PROVIDED ENTRIES below:

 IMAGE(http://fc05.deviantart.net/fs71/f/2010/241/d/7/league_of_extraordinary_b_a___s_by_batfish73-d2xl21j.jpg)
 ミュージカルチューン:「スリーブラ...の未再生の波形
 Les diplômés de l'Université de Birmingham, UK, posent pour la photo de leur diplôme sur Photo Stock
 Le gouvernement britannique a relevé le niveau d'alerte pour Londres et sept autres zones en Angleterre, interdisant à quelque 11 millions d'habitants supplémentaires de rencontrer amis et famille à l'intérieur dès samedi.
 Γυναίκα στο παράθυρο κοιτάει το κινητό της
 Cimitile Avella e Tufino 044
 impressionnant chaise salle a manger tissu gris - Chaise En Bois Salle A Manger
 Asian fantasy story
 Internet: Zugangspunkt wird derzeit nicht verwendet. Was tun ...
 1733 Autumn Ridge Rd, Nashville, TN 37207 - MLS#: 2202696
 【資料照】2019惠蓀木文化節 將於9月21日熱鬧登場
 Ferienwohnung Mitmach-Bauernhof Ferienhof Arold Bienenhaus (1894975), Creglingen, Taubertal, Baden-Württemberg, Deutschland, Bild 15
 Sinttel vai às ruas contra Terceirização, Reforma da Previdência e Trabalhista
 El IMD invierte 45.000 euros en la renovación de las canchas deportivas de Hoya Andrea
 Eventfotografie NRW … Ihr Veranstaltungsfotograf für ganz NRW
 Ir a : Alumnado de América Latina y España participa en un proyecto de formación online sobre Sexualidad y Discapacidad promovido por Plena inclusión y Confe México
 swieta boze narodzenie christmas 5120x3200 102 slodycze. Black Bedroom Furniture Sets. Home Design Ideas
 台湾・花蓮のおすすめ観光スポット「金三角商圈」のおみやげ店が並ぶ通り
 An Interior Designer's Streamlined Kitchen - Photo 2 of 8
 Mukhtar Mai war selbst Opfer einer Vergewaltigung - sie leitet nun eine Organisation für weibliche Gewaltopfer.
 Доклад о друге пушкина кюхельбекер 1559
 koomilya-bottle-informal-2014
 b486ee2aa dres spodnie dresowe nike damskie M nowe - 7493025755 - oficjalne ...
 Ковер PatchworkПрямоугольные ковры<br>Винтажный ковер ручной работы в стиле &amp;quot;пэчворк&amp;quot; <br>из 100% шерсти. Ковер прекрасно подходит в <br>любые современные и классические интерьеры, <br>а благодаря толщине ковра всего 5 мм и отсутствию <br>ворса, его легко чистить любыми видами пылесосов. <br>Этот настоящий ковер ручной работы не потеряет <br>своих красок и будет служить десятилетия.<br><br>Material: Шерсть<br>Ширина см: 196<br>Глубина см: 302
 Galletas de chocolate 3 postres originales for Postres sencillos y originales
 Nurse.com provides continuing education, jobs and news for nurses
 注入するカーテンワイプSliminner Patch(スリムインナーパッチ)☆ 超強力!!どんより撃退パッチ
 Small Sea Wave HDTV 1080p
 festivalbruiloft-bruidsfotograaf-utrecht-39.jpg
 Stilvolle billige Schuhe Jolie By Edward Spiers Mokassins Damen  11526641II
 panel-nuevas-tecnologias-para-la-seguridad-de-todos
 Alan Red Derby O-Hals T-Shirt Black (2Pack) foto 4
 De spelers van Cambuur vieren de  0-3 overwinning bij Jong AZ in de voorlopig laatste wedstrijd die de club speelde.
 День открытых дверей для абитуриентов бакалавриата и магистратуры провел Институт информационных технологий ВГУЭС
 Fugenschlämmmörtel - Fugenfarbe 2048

End of PROVIDED ENTRIES.

Given the records above, return exactly the lines starting at the line containing "An Interior Designer's" and ending at the line containing "koomilya-bottle-informal-2014", including both.

→ OUTPUT OF THE TASK
 An Interior Designer's Streamlined Kitchen - Photo 2 of 8
 Mukhtar Mai war selbst Opfer einer Vergewaltigung - sie leitet nun eine Organisation für weibliche Gewaltopfer.
 Доклад о друге пушкина кюхельбекер 1559
 koomilya-bottle-informal-2014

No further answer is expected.